It's not an exaggeration to me? I literally stopped the video and went back to the start and re-read. You're more than welcome to speak about your opinions and experiences, but I'm speaking about mine.

I'm over here thinking, "It felt like just yesterday I was laughing at trippy, incoherent videos of Will Smith eating spaghetti."

I love the progress we're making. I love the competition between big companies trying to make the most appealing product demos. I love not knowing what the tech world is going to look like in six months. I love not thinking, "Man. The Internet was a cool invention to have grown up in, but now all tech is mundane and extractive." Every time I see AI progress I'm filled with childlike wonder that I thought was gone for good.

I don't know if this represent SOTA for video generation. I don't care. In that moment I found it impressive and was commenting specifically on the joy I experienced watching the video. I find it frustrating to have that joy met with such negativity.

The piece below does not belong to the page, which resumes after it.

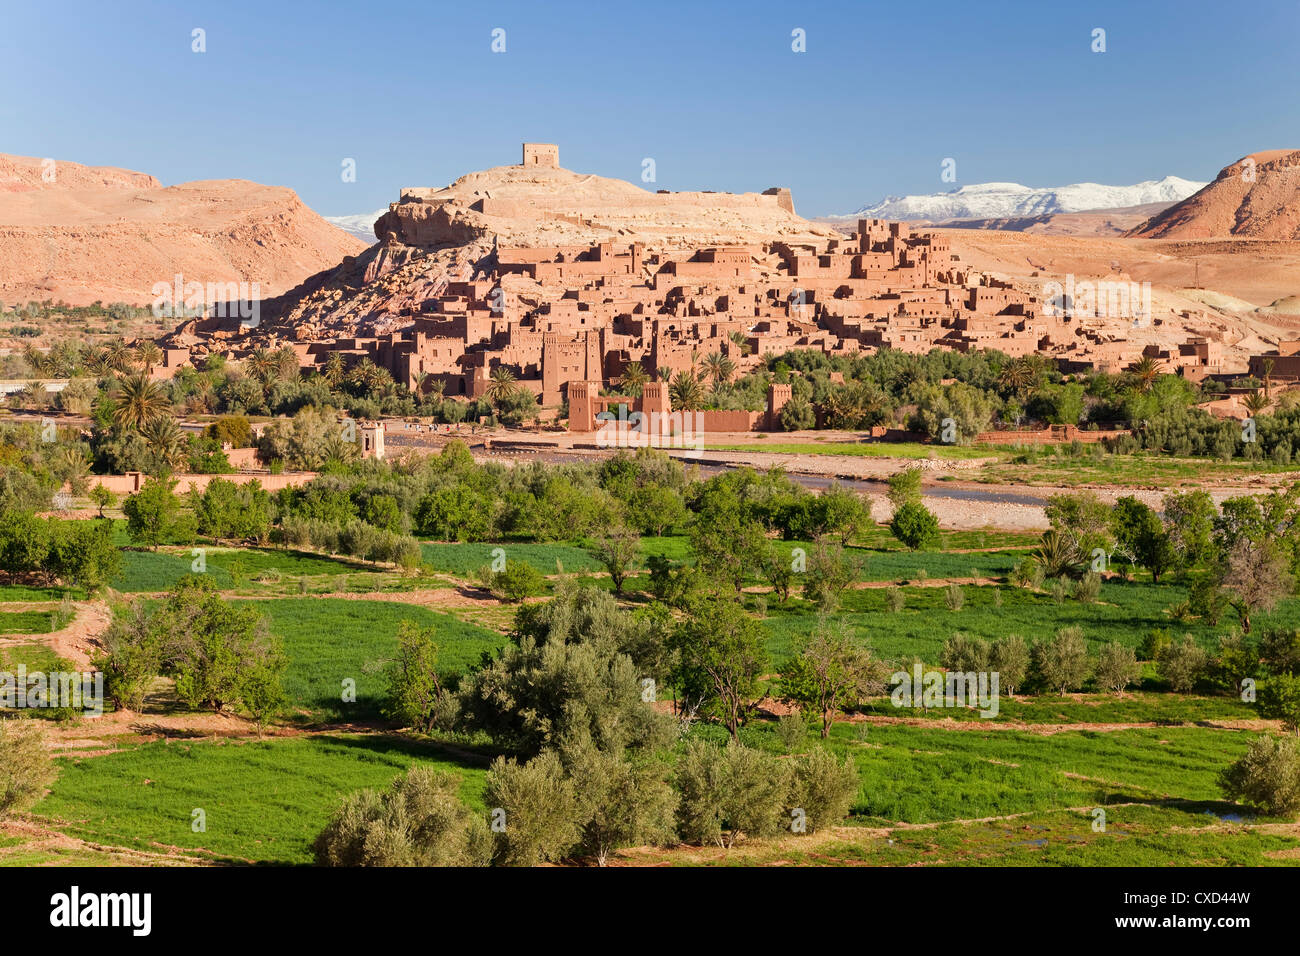 Stadt von Ait Benhaddou auf einem ehemaligen Karawanenstraße am Flussufer Ouarzazate verwendet oft als Drehort, Marokko Stockfoto

Don't worry. AI is going to be monetized and extractive in no time. Just like Social Media went from "fresh, fun and cool new tech" to "how did we let this horrible beast take hold of the world," AI will take the same path. In 10 years or sooner, when 99.99% of what you read, hear, and watch is AI slop, you're going to post "This used to be a cool invention!" if there's even a place left for humans to post by that time.

I agree. It will absolutely get there. Such is the trend of all scientific inventions. A breakthroughs occurs, prosperity follows in response, hedonic adaption causes satisfaction to regress to the mean, and then people squeeze every remaining drop of value out of the technology while we wait for those capable of true innovation to work their magic once more. I don't find it idyllic, but I accept it as the way the world works. It feels like a force of nature to me.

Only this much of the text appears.